■ SUPPLIED MATERIAL
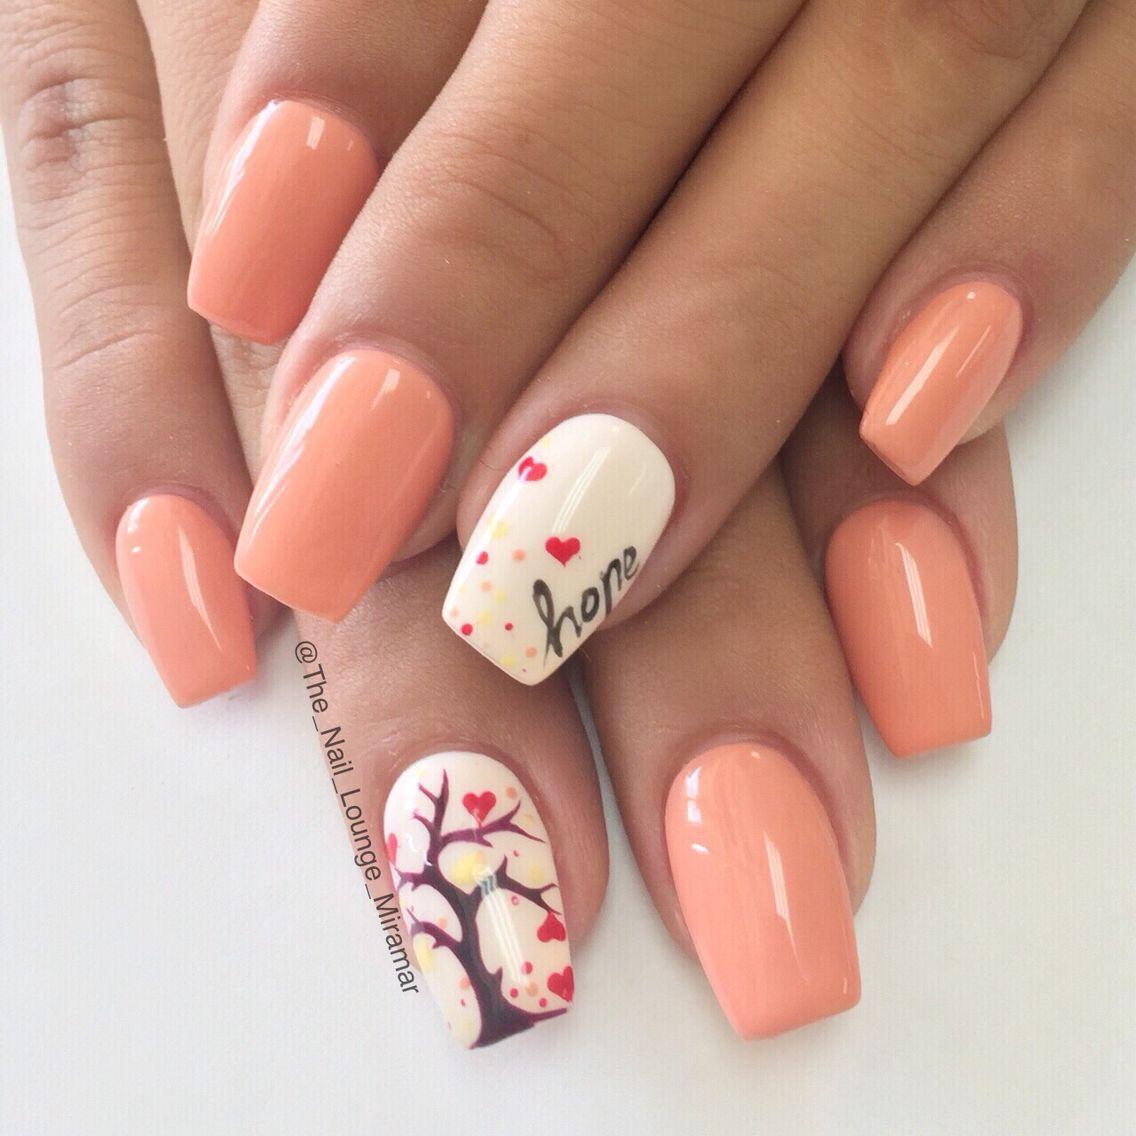 Hope fall heart tree nail art design | Nail Art ...
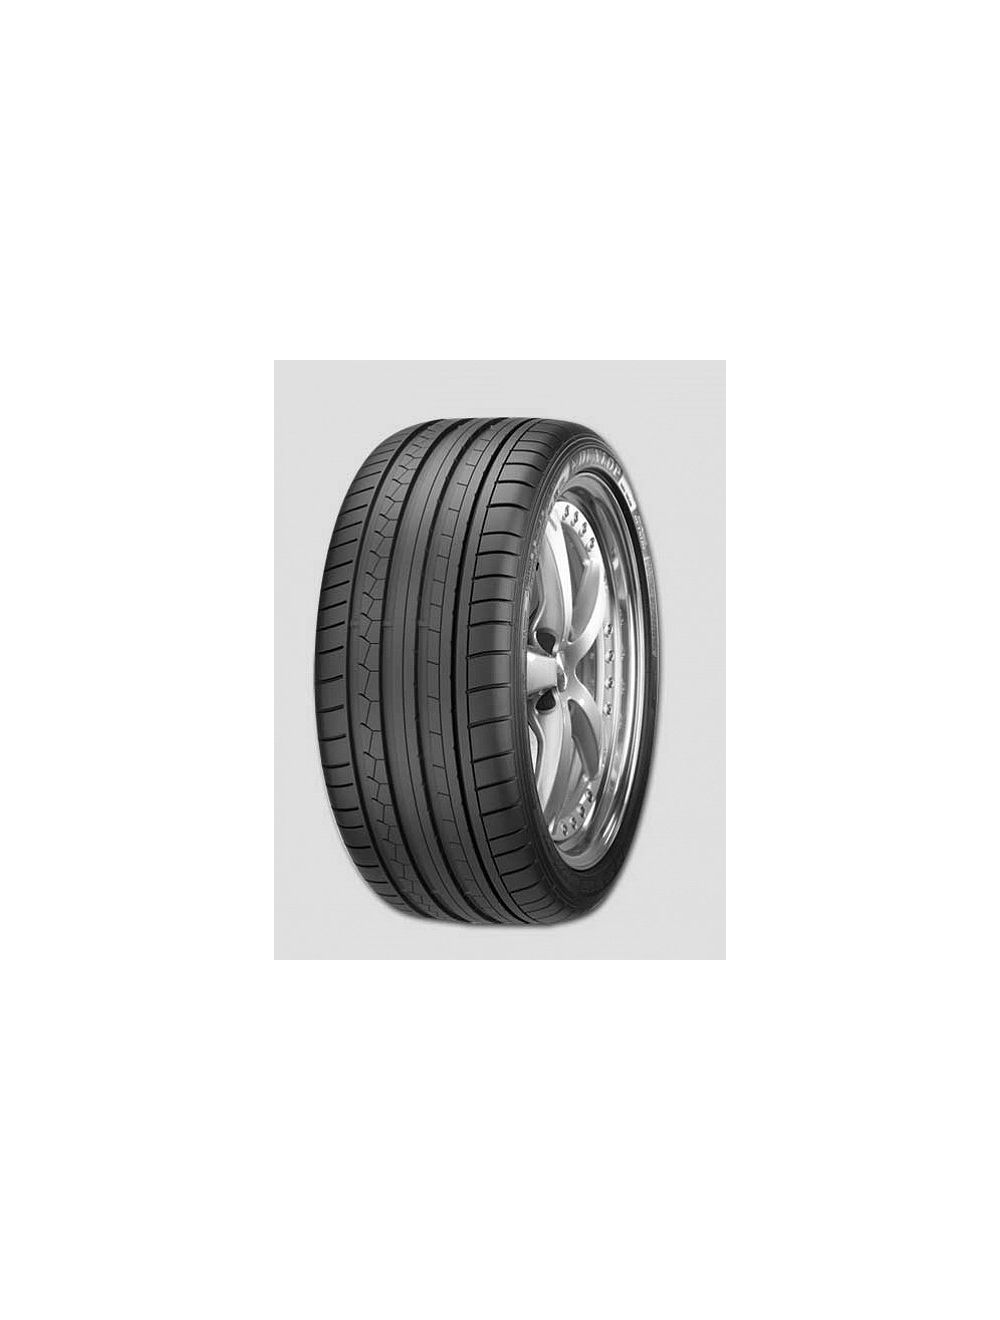 Dunlop 265/30R20 Y SP Sport Maxx GT XL RO1 Nyári gumi
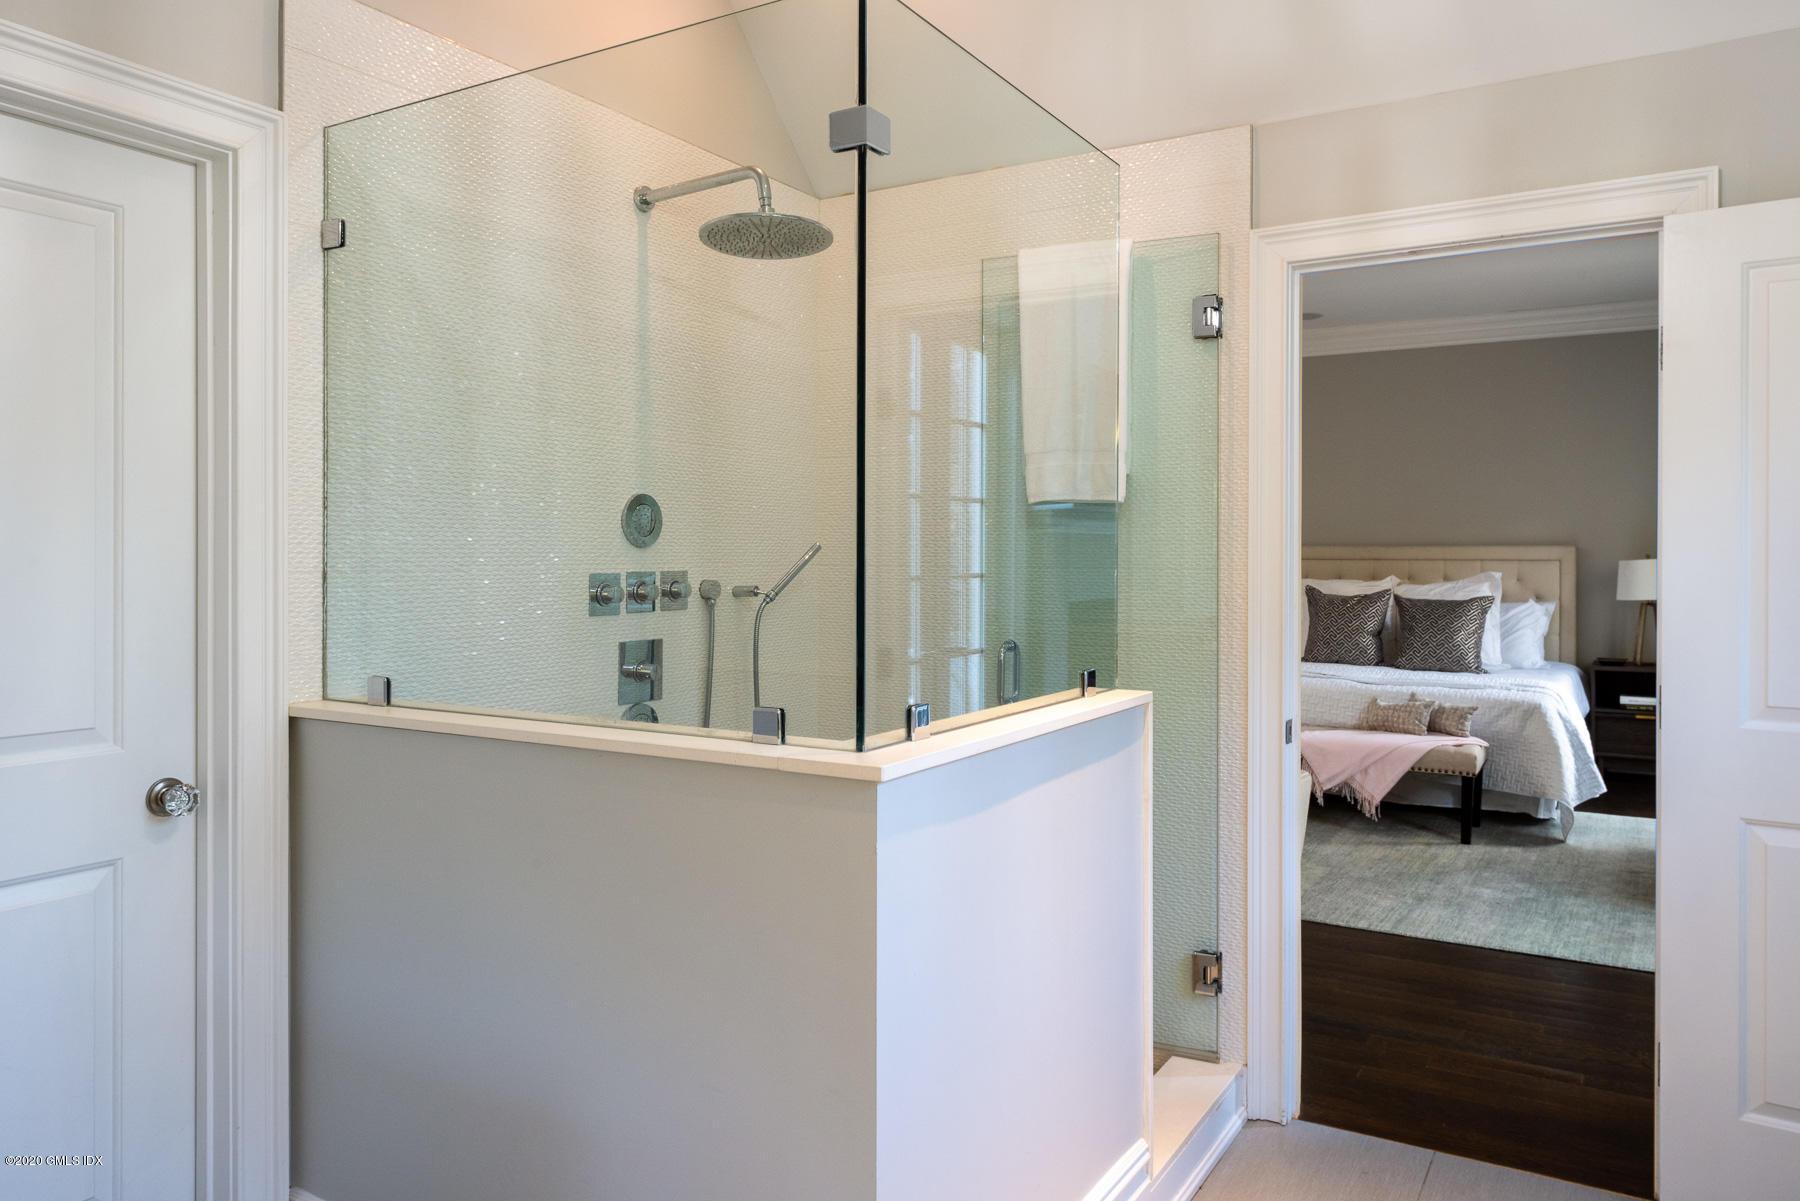 16 Binney Lane, Old Greenwich, Connecticut 06870, 5 Bedrooms Bedrooms, ,5 BathroomsBathrooms,Single family,For sale,Binney,110157

■ TASK STATEMENT
When you repeat the listing, keep it exact and leave the pictures behind.

■ ANSWER BOX
 Hope fall heart tree nail art design | Nail Art ...
 Dunlop 265/30R20 Y SP Sport Maxx GT XL RO1 Nyári gumi
 16 Binney Lane, Old Greenwich, Connecticut 06870, 5 Bedrooms Bedrooms, ,5 BathroomsBathrooms,Single family,For sale,Binney,110157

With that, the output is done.